On File Formats - Readit News

Generally good points. Unfortunately existing file formats are rarely following these rules. In fact these rules should form naturally when you are dealing with many different file formats anyway. Specific points follow:

- Agreed that human-readable formats have to be dead simple, otherwise binary formats should be used. Note that textual numbers are surprisingly complex to handle, so any formats with significant number uses should just use binary.

- Chunking is generally good for structuring and incremental parsing, but do not expect it to provide reorderability or back/forward compatibility somehow. Unless explicitly designed, they do not exist. Consider PNG for example; PNG chunks were designed to be quite robust, but nowadays some exceptions [1] do exist. Versioning is much more crucial for that.

[1] https://www.w3.org/TR/png/#animation-information

- Making a new file format from scratch is always difficult. Already mentioned, but you should really consider using existing file formats as a container first. Some formats are even explicitly designed for this purpose, like sBOX [2] or RFC 9277 CBOR-labeled data tags [3].

[2] https://nothings.org/computer/sbox/sbox.html

[3] https://www.rfc-editor.org/rfc/rfc9277.html

mort96 · 3 months ago

> Note that textual numbers are surprisingly complex to handle, so any formats with significant number uses should just use binary.

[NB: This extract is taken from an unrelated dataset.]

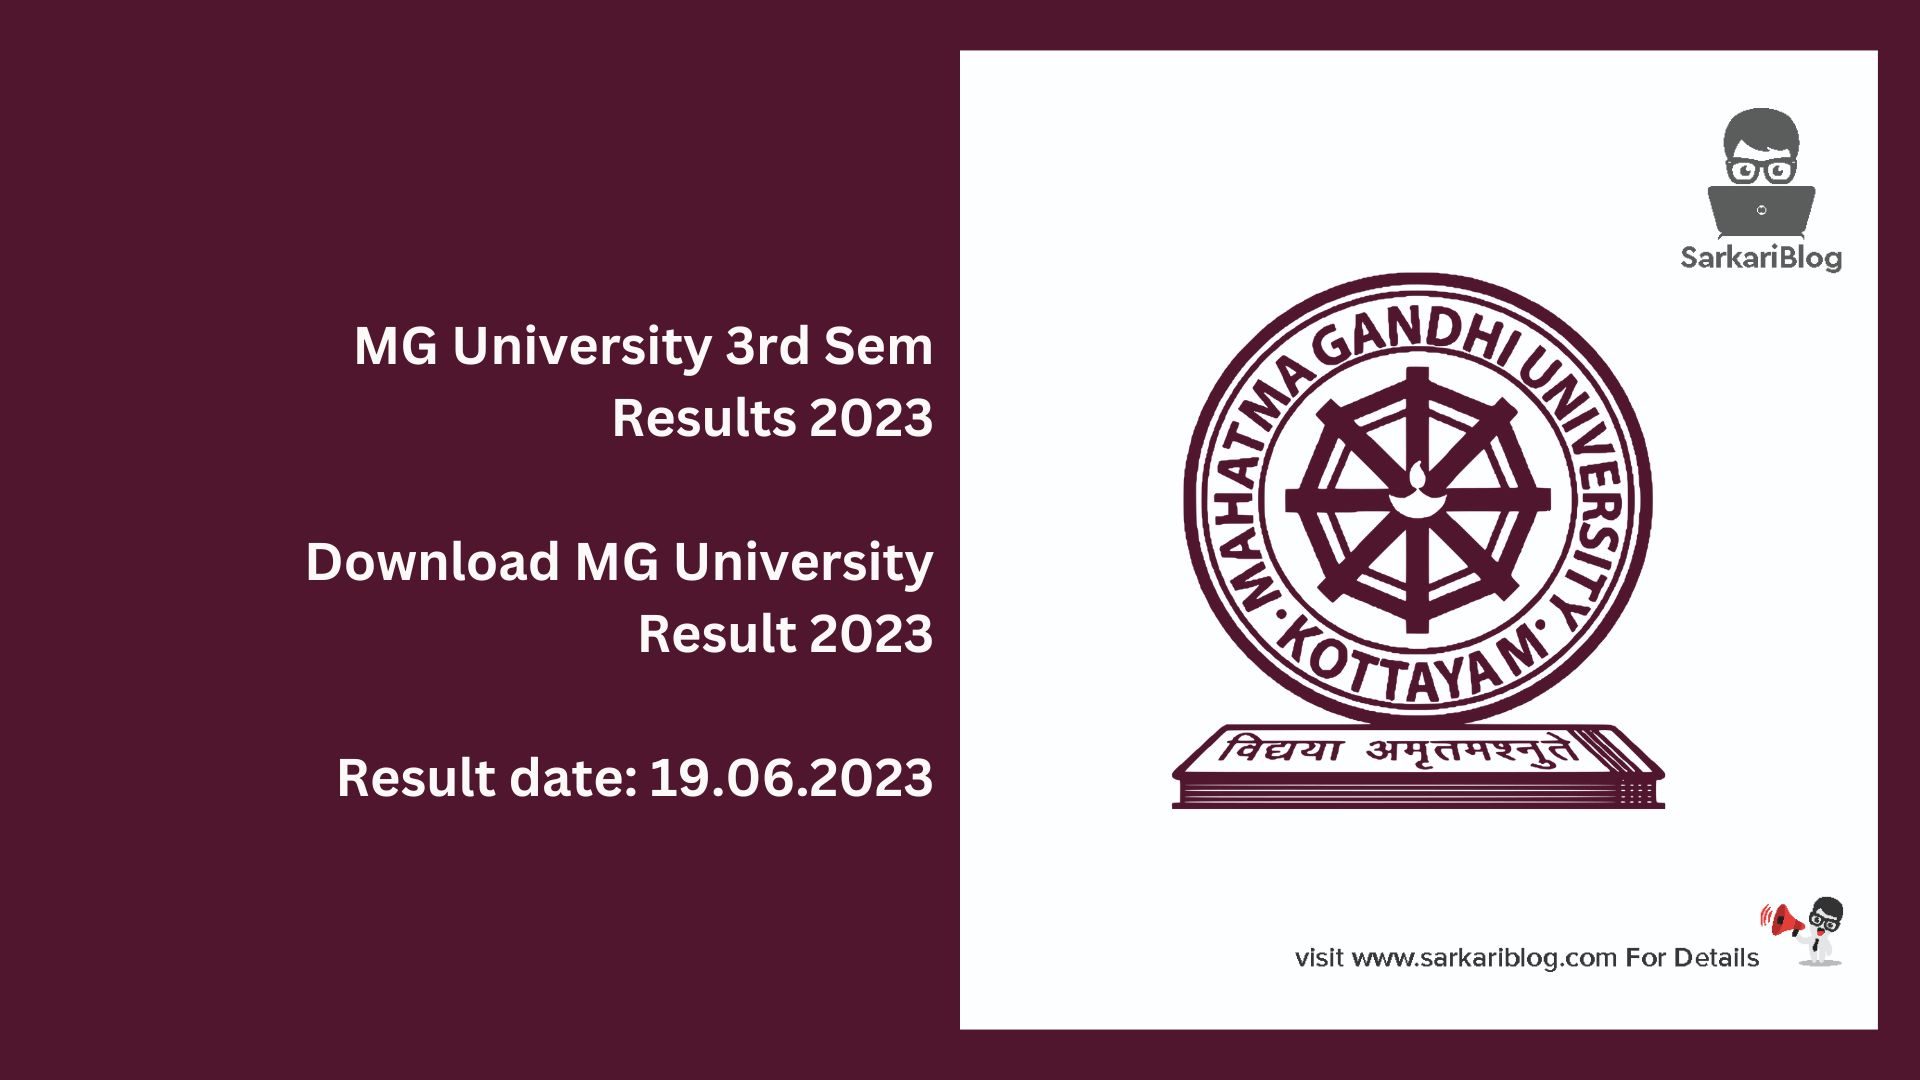 MG University 3rd Sem Results 2023

Especially true of floats!

With binary formats, it's usually enough to only support machines whose floating point representation conforms to IEEE 754, which means you can just memcpy a float variable to or from the file (maybe with some endianness conversion). But writing a floating point parser and serializer which correctly round-trips all floats and where the parser guarantees that it parses to the nearest possible float... That's incredibly tricky.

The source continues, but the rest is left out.